Degli altri tre candidati,
l’attivista della campagna “Di’ la verità” Tatjana Korotkevič ha ottenuto il 4,42%, il presidente del partito liberaldemocratico Sergej Gajdukevič 3,32%; l’1,67% è andato al Supremo ataman dei Cosacchi bielorussi, Nikolaj Ulakhovič. Nel corso del referendum condotto nel 2004, durante il suo secondo mandato presidenziale, il 77,3% dei bielorussi si era pronunciato per abrogare le limitazioni al numero di mandati presidenziali.
Subito dopo aver inserito la propria scheda nell’urna, Lukašenko aveva accennato alle prime questioni che il nuovo presidente avrebbe dovuto affrontare: la prospettata base aerea russa, i rapporti di amicizia con Mosca e quelli di altro tipo con l’Ucraina. Come riferisce myinforms.com, a proposito della base, il “neo” presidente aveva ventilato o un no secco, oppure una specie di proposta di compromesso con Mosca, del tipo di 24 velivoli militari russi (in vendita o in affitto) in cambio dell’accordo sulla base. A proposito dei rapporti con Mosca, secondo Lukašenko la Russia rimane un paese vicino e fratello, a differenza dell’occidente, che invece “vorrebbe deteriorare i rapporti tra Minsk e Mosca: ma non ci sono riusciti e non ci riusciranno”. Purtuttavia, “se l’Occidente aspira a stabilire buoni rapporti, nessuno lo impedirà. Tutto quello che volevano, noi lo abbiamo fatto e oggi i rapporti dipendono solo da loro”.

Diverso il discorso con l’Ucraina, che Lukašenko per un verso mette in guardia sui rischi della svolta verso la UE e per un altro ammonisce: “Smettete di mandarci i vostri combattenti. Siamo stanchi di bloccarli al confine con granate, mazze, pistole e munizioni”. Per quanto riguarda la UE, rivolto a un giornalista ucraino, ha detto: “Voi avete scelto la vostra strada e noi la rispettiamo. Ci adatteremo al fatto di quale politica conducete e quale corso seguirete. Prego! Ma, assaggiando questo pane, dovete tenere a mente che dovrete anche rispondere per le conseguenze. La UE vi ha aperto la zona del libero scambio e voi cosa avete venduto alla UE?”. Lukašenko ha ricordato che Minsk ha provato a entrare sui mercati europei con la propria produzione agricola, ma senza molto successo: “Alcune nostre imprese ci sono riuscite, ma quanto ci è costato e quanto tempo e solo per alcuni prodotti. Il resto, la produzione che la Bielorussia ha in comune con l’Ucraina, in Europa c’è già e dunque non è facile penetrare nel mercato, non solo per la concorrenza, ma soprattutto per le misure tariffarie del mercato europeo”.
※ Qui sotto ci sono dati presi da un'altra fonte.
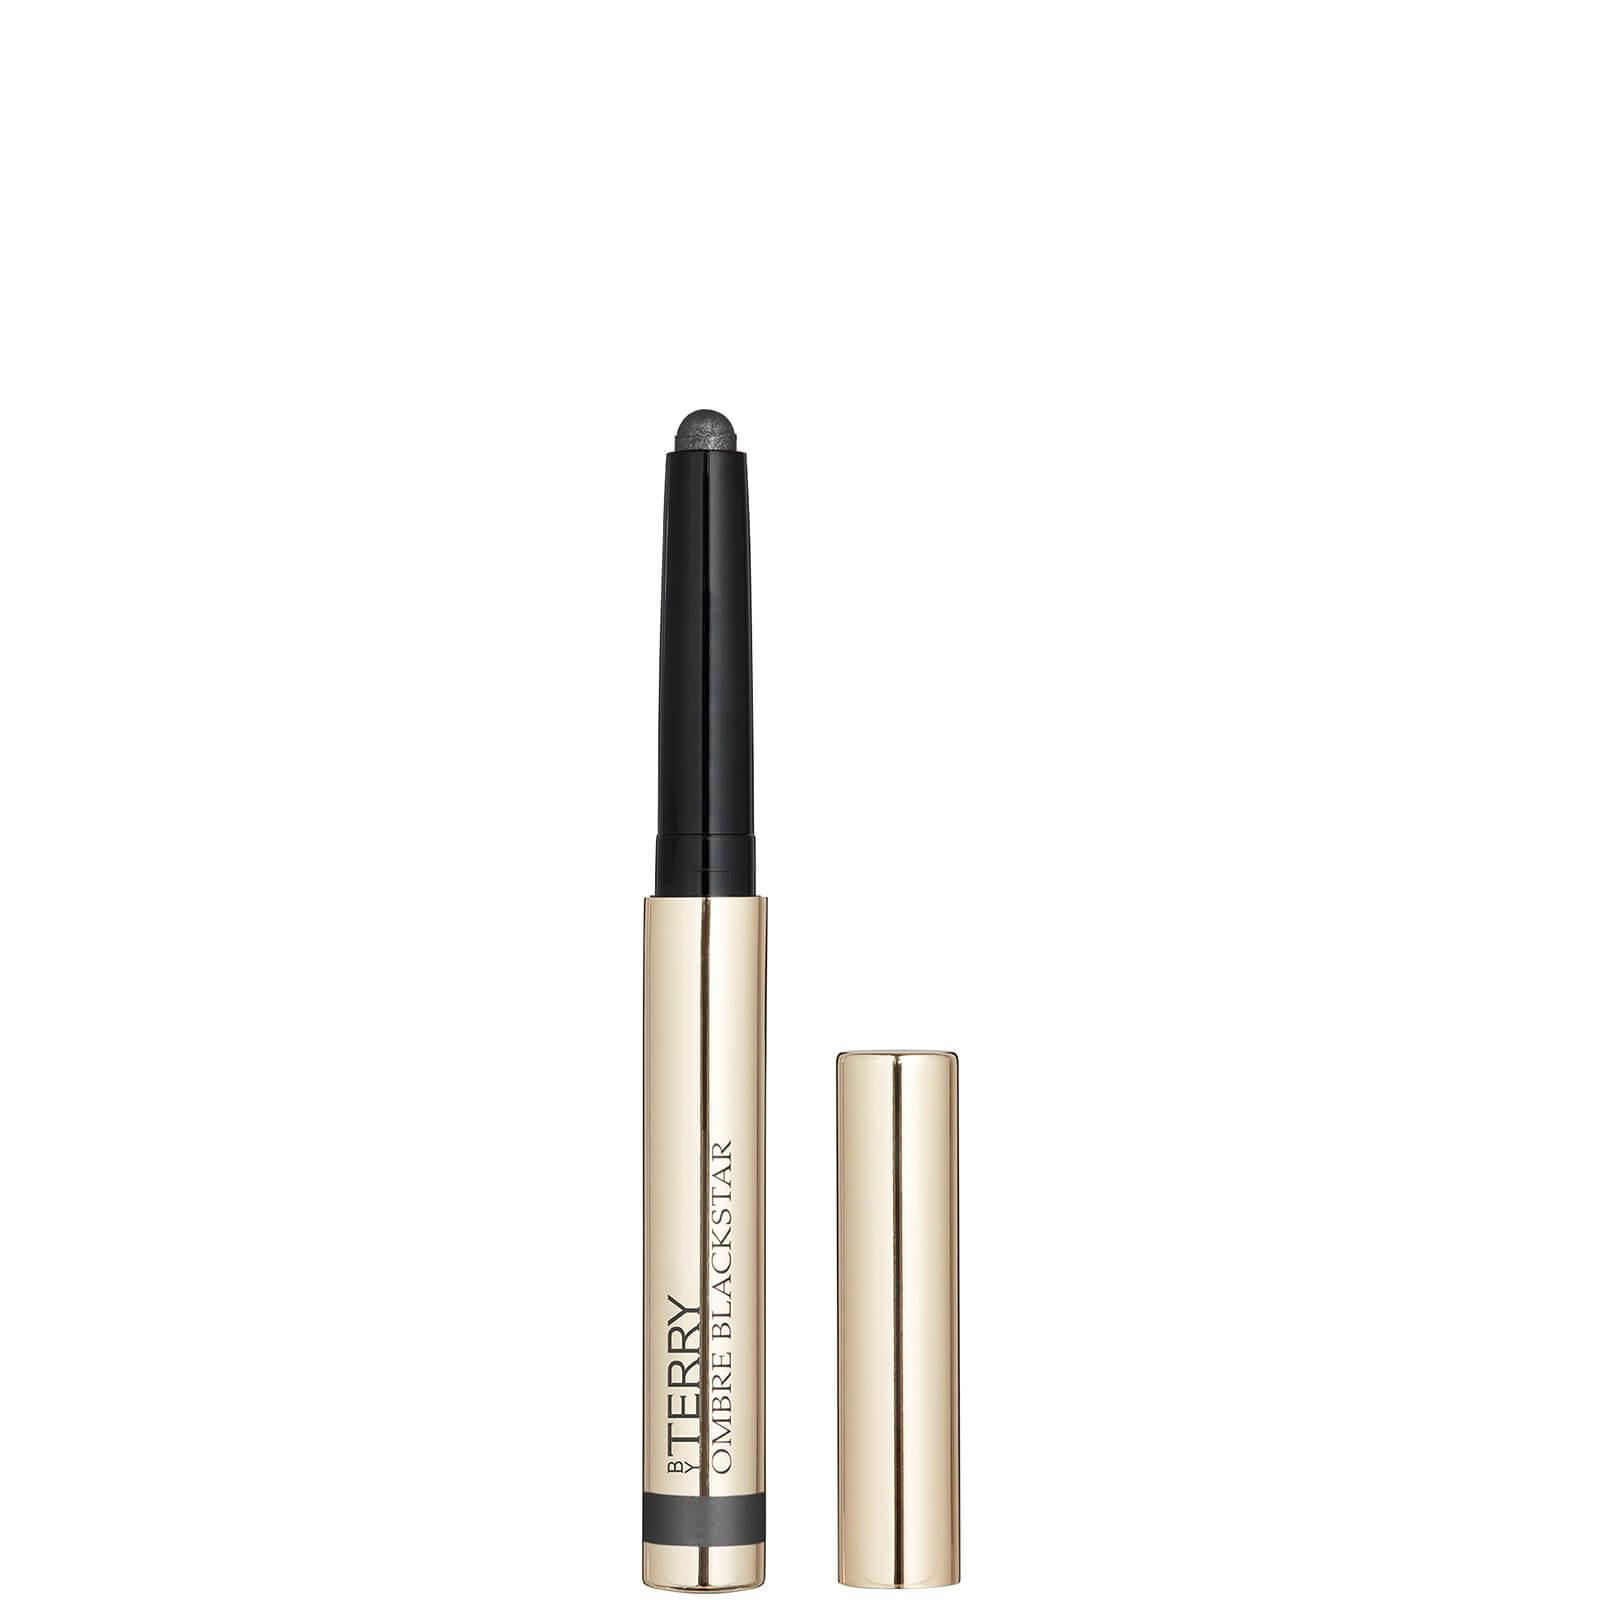 Купить Тени-карандаш для век By Terry Ombre Blackstar Eye Shadows 1, 64 г (различные оттенки) - 1. Black Pearl

Kirill Kortyš, docente dell’Istituto moscovita di relazioni internazionali, ha dichiarato a Vzgljad che nessuno ha mai dubitato della vittoria di Lukašenko: “Innanzitutto, gli avvenimenti in Ucraina hanno reso del tutto impossibile per la Bielorussia uno scenario di tipo ucraino, perché la maggioranza dei bielorussi è convinta che quella variante sia inaccettabile. Inoltre, la posizione contraddittoria della UE nei confronti dell’Ucraina, quando i diritti umani vengono riconosciuti solo in una parte della nazione e non in un’altra, hanno molto svalutato i valori europei. In sostanza, non per colpa propria l’opposizione filo-europea è rimasta fuori dal gioco. E la questione non era tanto se Lukašenko avrebbe vinto, bensì se sopravviverà o no qualche forma l’opposizione”.

Proprio a proposito della UE, era prevista nell’incontro di oggi del Consiglio d’Europa – ma la decisione finale si attende per fine mese, alla scadenza dell’attuale “pacchetto sanzionatorio” – una discussione sulla possibilità di abrogare, seppur in via temporanea, le sanzioni nei confronti della Bielorussia, in particolare per quanto riguarda le armi e il divieto di ingresso nella UE per un paio di centinaia di suoi rappresentanti politici, a partire dallo stesso Lukašenko che, nota Vzgljad, da un po’ di tempo non viene più definito  “l’ultimo dittatore europeo”. I motivi per la revoca delle sanzioni (si parla, per ora, di quattro mesi di tregua) risiederebbero nella liberazione, avvenuta in agosto, di alcuni “prigionieri politici” e nella decisione di Minsk di non unirsi alle controsanzioni russe nei confronti della UE.

La Bielorussia era già caduta sotto le sanzioni UE nel 1997, accusata di “violazione dei diritti umani e irregolarità elettorali”. Tra abrogazioni e loro nuove introduzioni, nel 2008 le sanzioni erano state tolte per “il significativo miglioramento della situazione nel campo dei diritti umani”. In realtà, vari osservatori ritengono che l’abrogazione fosse soprattutto un tentativo di far pressione su Minsk affinché non riconoscesse l’indipendenza dell’Abkhazia e dell’Ossetia meridionale dalla Georgia, al momento della sciagurata guerra di Mikhail Saakašvili contro la Russia. Dopo la quarta elezione a Presidente di Aleksandr Lukašenko, nel 2010, le sanzioni vennero di nuovo introdotte e aggravate. Ora l’osservatore politico bielorusso Aleksandr Klaskovskij ritiene che il possibile alleggerimento delle sanzioni sia legato alla normalizzazione dei rapporti tra Minsk e UE, a sua volta dovuto alle necessità bielorusse di crediti del FMI. Da parte europea, secondo Klaskovskij, “non secondario il ruolo giocato da Minsk nella crisi ucraina; oggi la UE pare essersi lasciata alle spalle l’epoca delle “rivoluzioni colorate” e, in questo senso, per l’Occidente, la stabilità autoritaria della Bielorussia sembra più accettabile del rompicapo ucraino”.  

Di parere opposto il professore dell’Università di Mosca Bogdan Bezpalko, secondo il quale il diverso atteggiamento europeo sarebbe dovuto non tanto al ruolo di mediazione nella questione ucraina, quanto a una sorta di avances fatte dallo stesso Lukašenko sulla base di una certa “retorica antirussa non amichevole e di alcune azioni degli ultimi tempi. L’ultima goccia sarebbe il rifiuto di ospitare la base aerea russa, insieme alla tendenza a mutare l’identità bielorussa da russo-occidentale ad anti-russa, linea lungo la quale la UE non manca cortesemente di incoraggiarlo”. A parere di Bezpalko, dunque, la decisione finale sulla revoca delle sanzioni verrà presa dopo che il “cinquevolte” presidente avrà detto davvero no alla richiesta russa della base militare. 

Ancora una volta, il “pragmatismo” occidentale detta la linea: il nemico del mio nemico è mio amico. Se Lukašenko dice di no a Putin, il guinzaglio che lo tiene a distanza dai mercati europei potrà essere allentato.